Sometimes, when we were high into the hills where the roads stopped, I’d jog ahead, my feet digging into the ground because of the fifty extra pounds of ammo on my back. It was mostly scrub and rocks, but when you’re rolling through the landscape long enough, you start to notice the difference between light brown and dark brown and red brown, between opium and cotton, the difference between 100 and 105 degrees. Out of the city we’d hit tobacco or sugar beet or poppy fields. We’d pass donkeys or camels on the road, or other vehicles whose horns played a little song each time they sounded. Depending on who was driving or who was riding, we’d pause at prayer time. Our interpreter Malik would get out and face east as he bowed his head on the road.

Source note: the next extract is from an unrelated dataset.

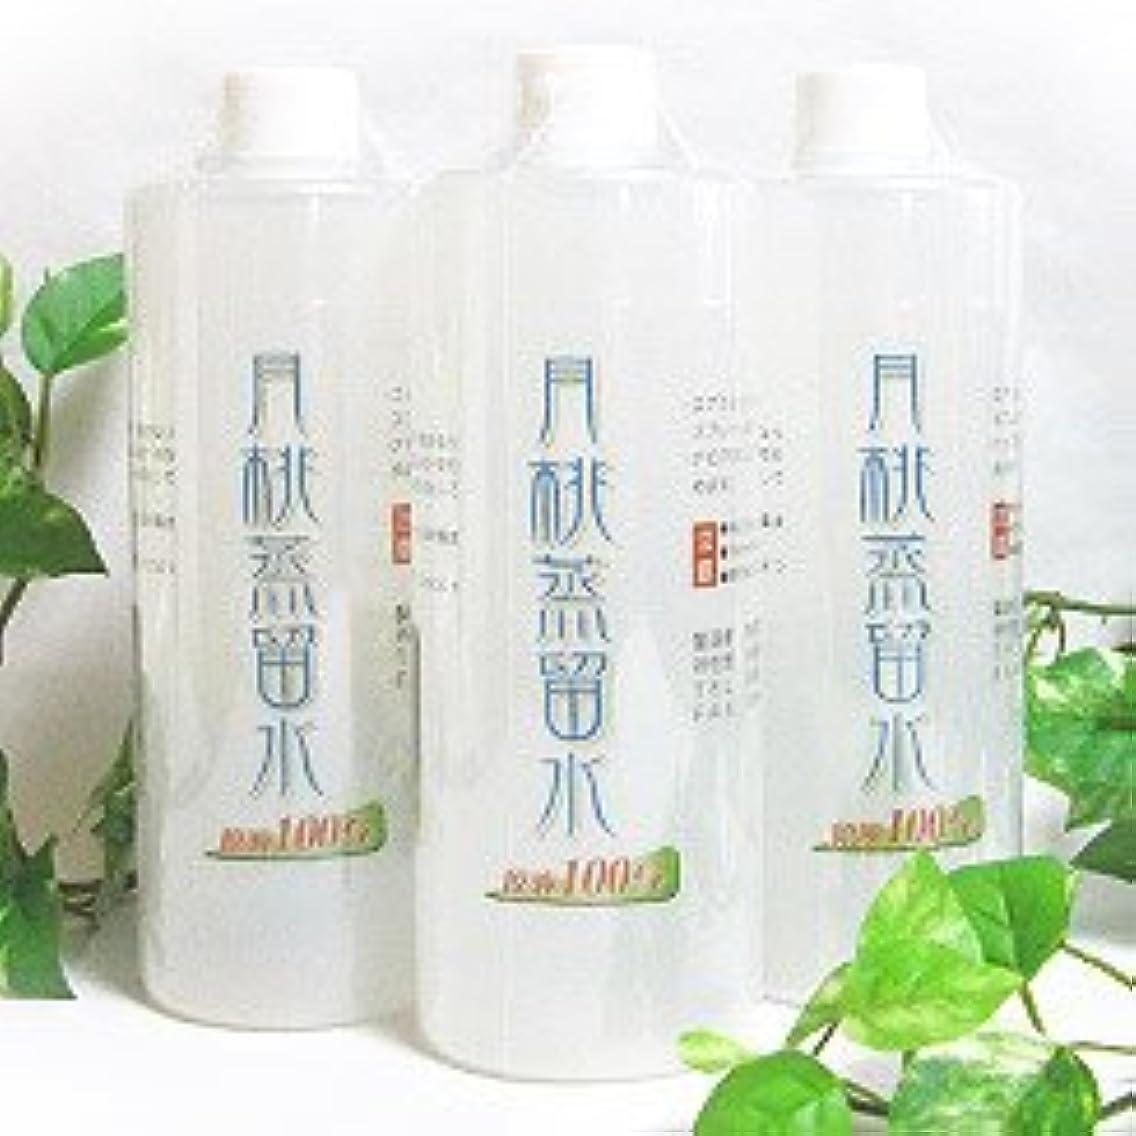 癌貧困ナイロン無添加天然ハーブ水 月桃蒸留水 3本セット 500ml×3本
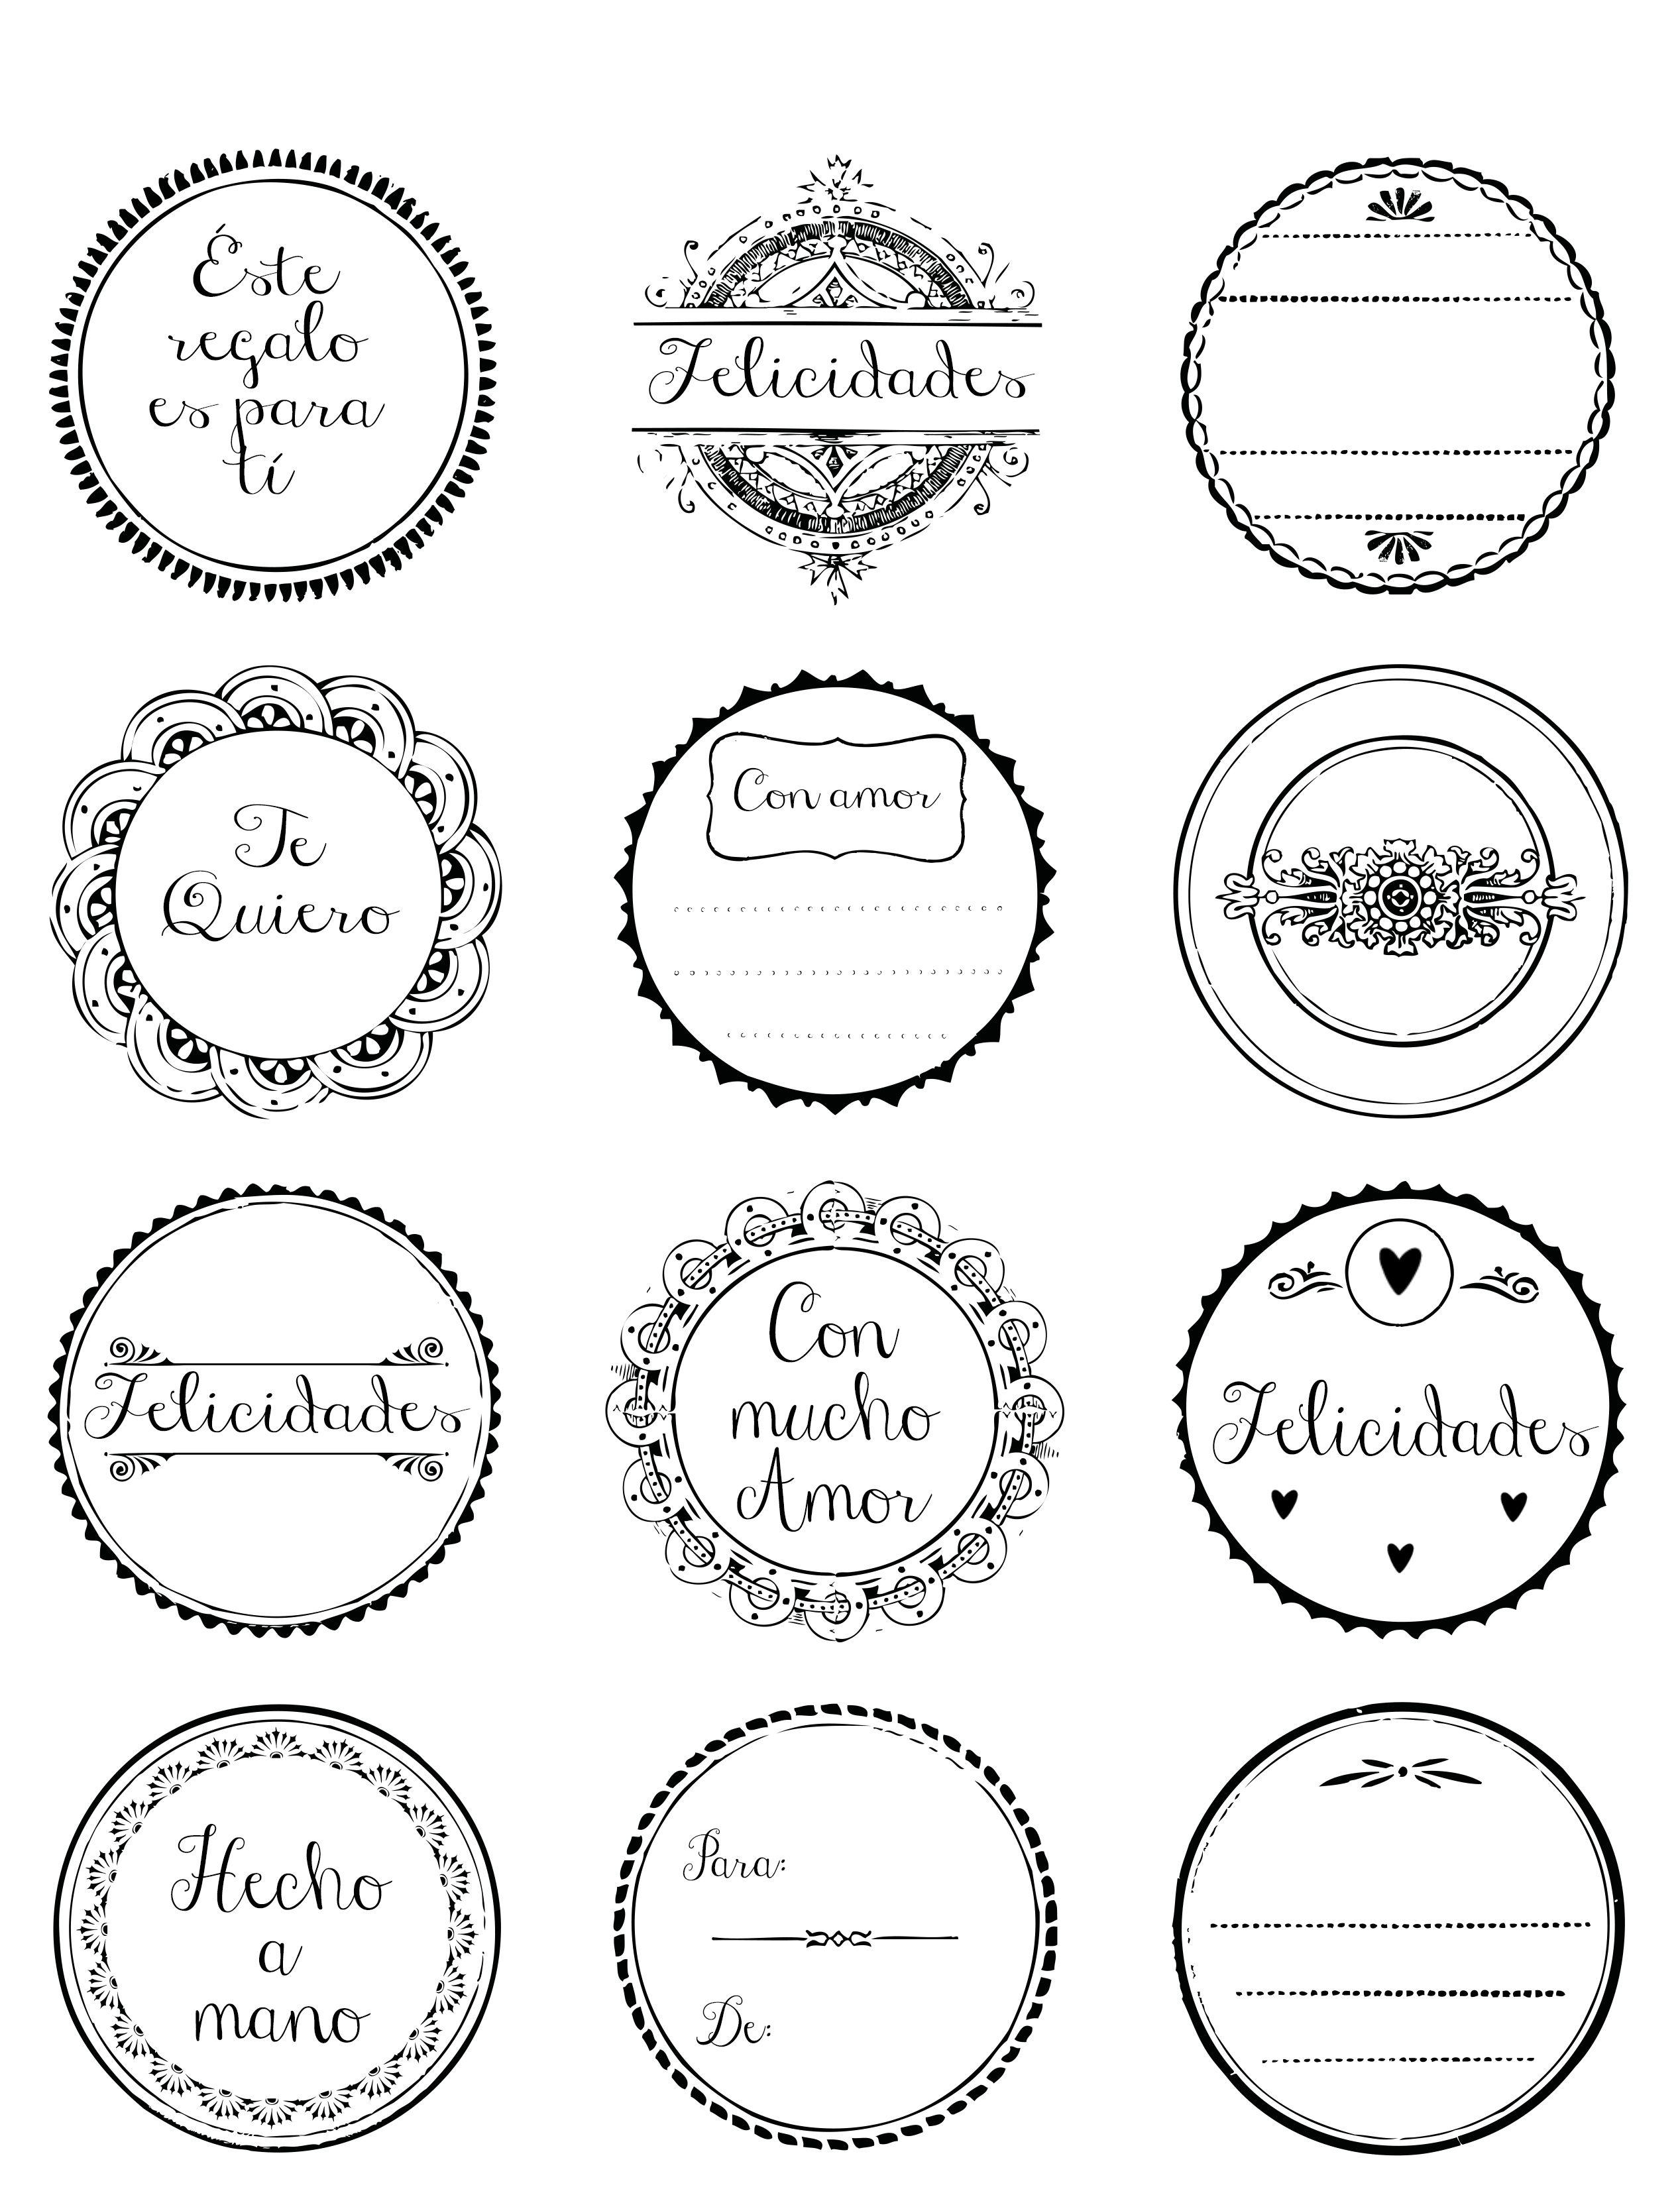 Etiquetas para regalos pinteres - Etiquetas para regalos para imprimir ...

It’s hard to run when you’ve got to gear up practically everywhere you go, but I found ways. I started to get up before the heat hit to run around the makeshift track at the FOB that some hardcore marathoners had worn into the earth. A few of them did something called shadow runs, where they timed themselves running the same number of miles as a race back in the States. They got T-shirts and water stations and everything.

I preferred to run alone. Most of our days were hard and long, too hot or too cold, hours and hours waiting on the decisions of our superiors. Alone, running, was the only time when I had control. I could run for as long as I wanted. I could escape into my running dreams.

I imagined I had returned home to Texas, running at the high school track in Buda. I listed jobs in my head that I could do, as unrealistic as I wanted. Firefighter. Gym teacher. Radio DJ. I composed letters to my brother and his wife and my nephew, which I tried to remember as I wrote them later in my Moleskine and mailed them off. I wrote letters to Cassie in my mind and then got nervous when I went to write them down. But I’d send one soon.

When I’d return to our room, Frankie would be Skyping with Elena, or in the community room playing video games with Rooster, or we’d have a briefing before a mission, and he’d have brought me some toast and a warm, dusty bottle of water if I didn’t have time to eat before we had to go.

Sometimes we annoyed the shit out of one another. Sometimes Rooster snored and we had to throw pillows at him. Sometimes Frankie had to yell at me to get my laundry done because there wasn’t enough ventilation to handle the smell of sweaty clothes.

But we did everything together. We got the same food poisoning, we hit the floor at the same time if there was an explosion close by, we went to the Hindu barber together in Lashkar Gah, watching the muted Bollywood videos while we got a shave.

It was like having brothers. Friends. It was like having a life.